The flowchart of the proposed OBLAOA-DBSCAN

4 The improved DBSCAN with OBLAOA

In this section, we apply OBLAOA to DBSCAN to optimize two parameters of DBSCAN (EPS and MinPts). Here more advanced modification method, namely OBLAOA-DBSCAN, is proposed, which can further improve the performance of the clustering algorithm.

In details, the OBLAOA-DBSCAN can perform the optimization process of determining the parameters EPS and MinPts automatically in an extensive scope of search spaces via a meta-heuristic method. First, set the normalized range matrix of two parameters (EPS and MinPts) as the upper bounds (\(ub_{j}\)) and lower bounds (\(lb_{j}\)) of search space. Then, the OBLAOA is used to search for suitable parameters within the effective search space.

To get the best clustering results, the sum of the average Euclidean distance of each cluster, the fitness function in OBLAOA-DBSCAN is given as,

$$\begin{aligned} \mathrm {D} \left( o_{i}, o_{l}\right) =\left( \sum _{j=1}^{m}\left( o_{i j}-o_{l j}\right) ^{r}\right) ^{\frac{1}{r}} \end{aligned}$$
(8)

where \(D (o_{i}, o_{l})\) is an Euclidean distance function that produces different metrics between object i and object l, \(o_{i j}, o_{l j} (i, l=1, \ldots , n, j=1, \ldots ,m)\) represents the value of the j-th attribute of object i and object l, respectively.

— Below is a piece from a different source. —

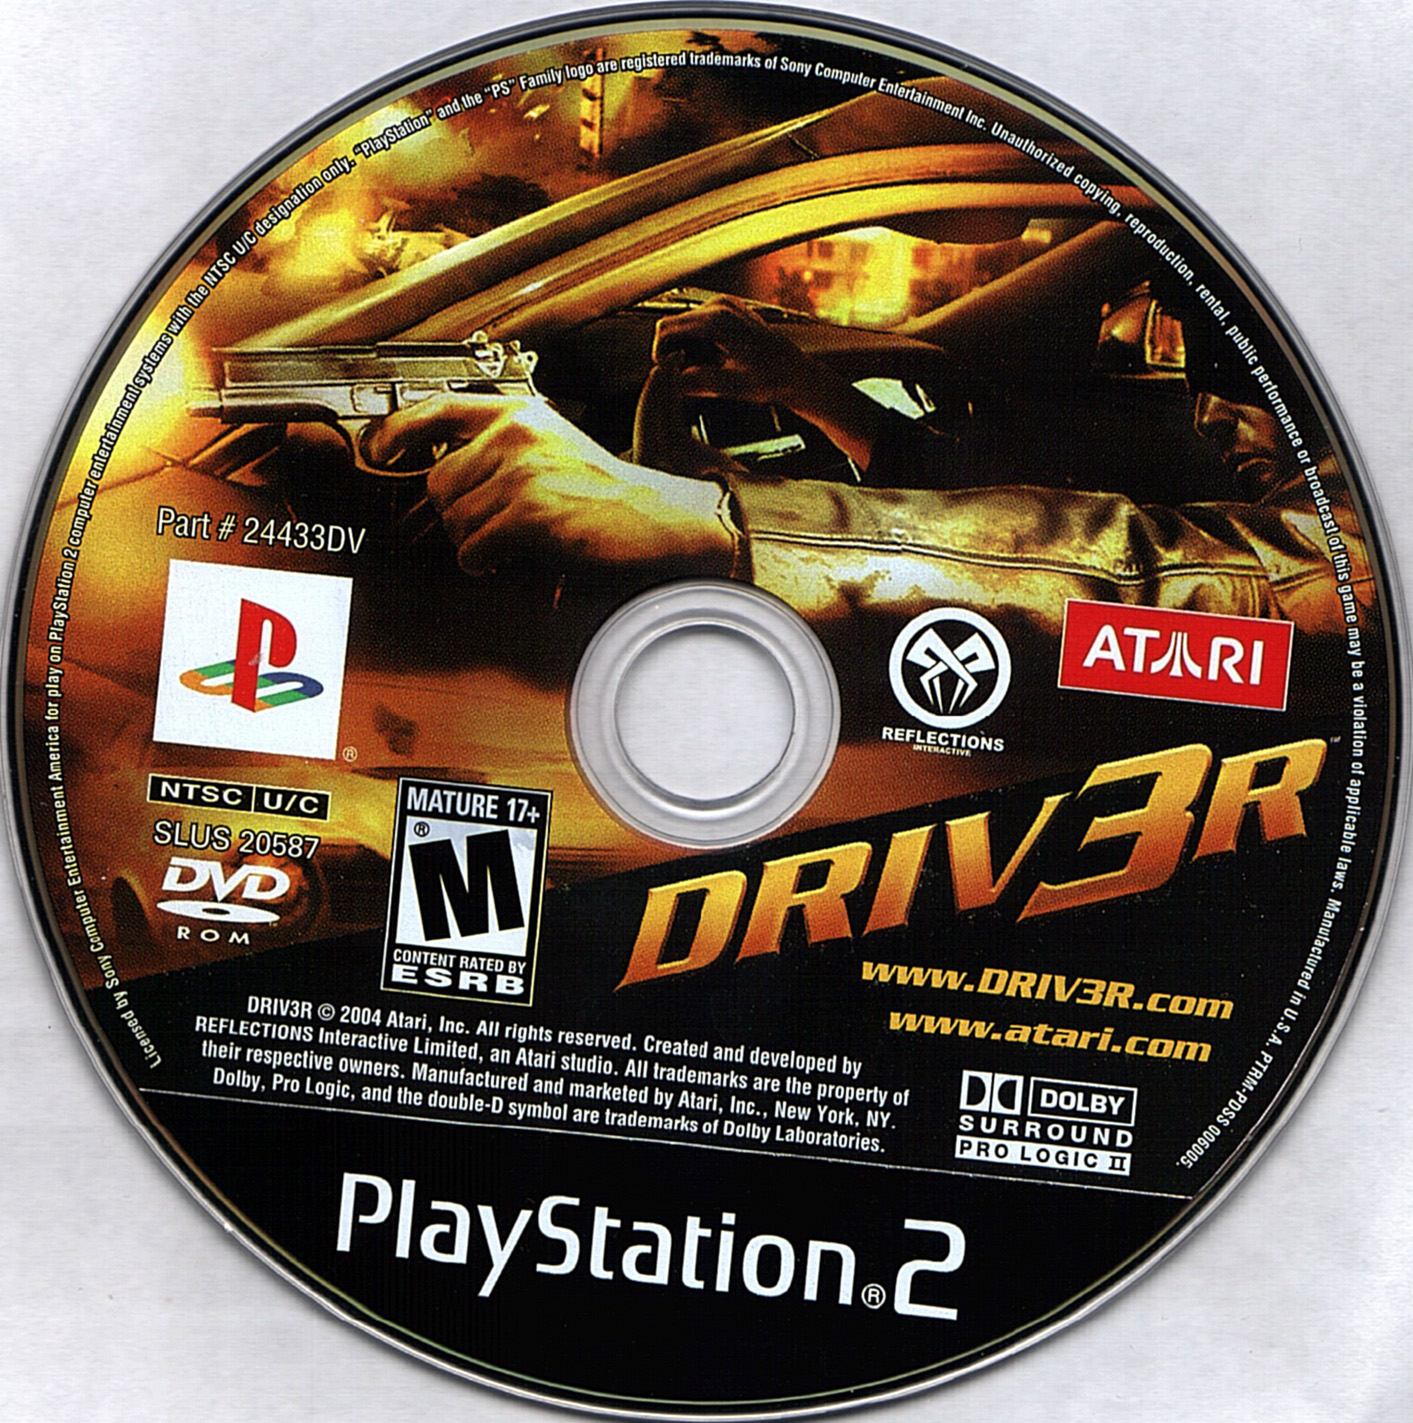 Драйвер пс3. Driver 3 ps2 Cover. Driver ps2 диск. Driver 1 для ps1 диск. Driver 3 ps2 ISO.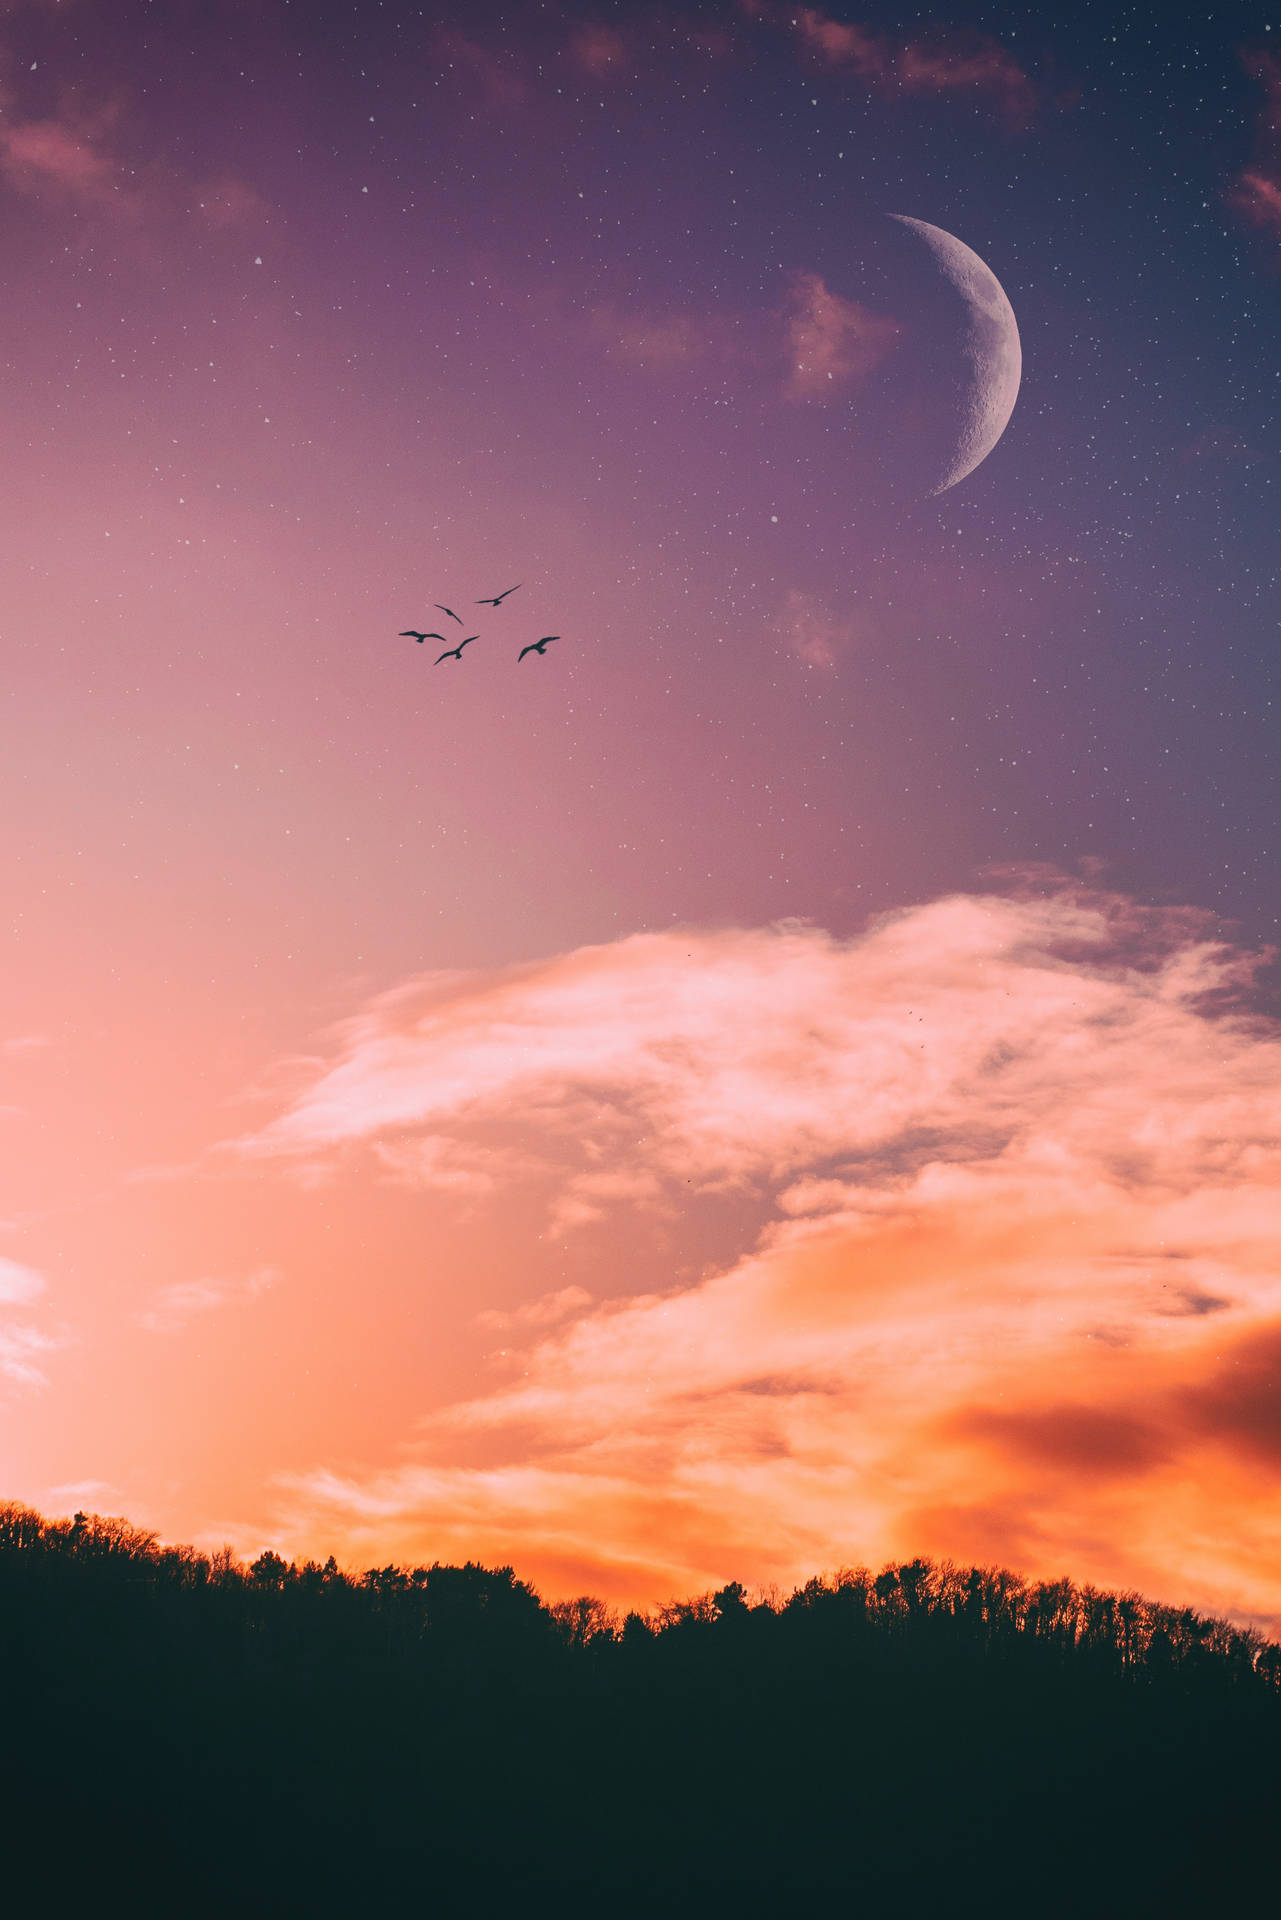 Aesthetic Sky And Crescent Moon With Birds Wallpaper

With the value of fitness function updates continuously, the position of best-obtained solution, which determines the value of two parameters, varies. At this time, the corresponding parameters MinPts and EPS will change. Until the fitness value no longer changes, apply the obtained parameters into DBSCAN algorithm for clustering.

When only using DBSCAN for clustering, problems, such as low accuracy of clustering results and low definition of noise points, always appear because of parameters setting manually. By introducing OBL to enhance the exploration ability of AOA, OBLAOA can provide effective parameter solutions for DBSCAN, thereby improving the clustering ability. The flowchart is shown in Fig. 2. After calculation, the time complexity of OBLAOA-DBSCAN is \(O(N(1 + M \times {nlog(n)} + M \times n))\).Where N represents the number of candidate solutions, M is the number of iterations, and n is the dimension of solving the problem.

5 Numerical simulation

5.1 The benchmark functions

To evaluate the performance of the proposed OBLAOA optimizer, we conducted numerical simulation experiments with 8 test functions in CEC2021. The benchmark functions are presented in Table 1, and its constraint range is represented by Range in the table.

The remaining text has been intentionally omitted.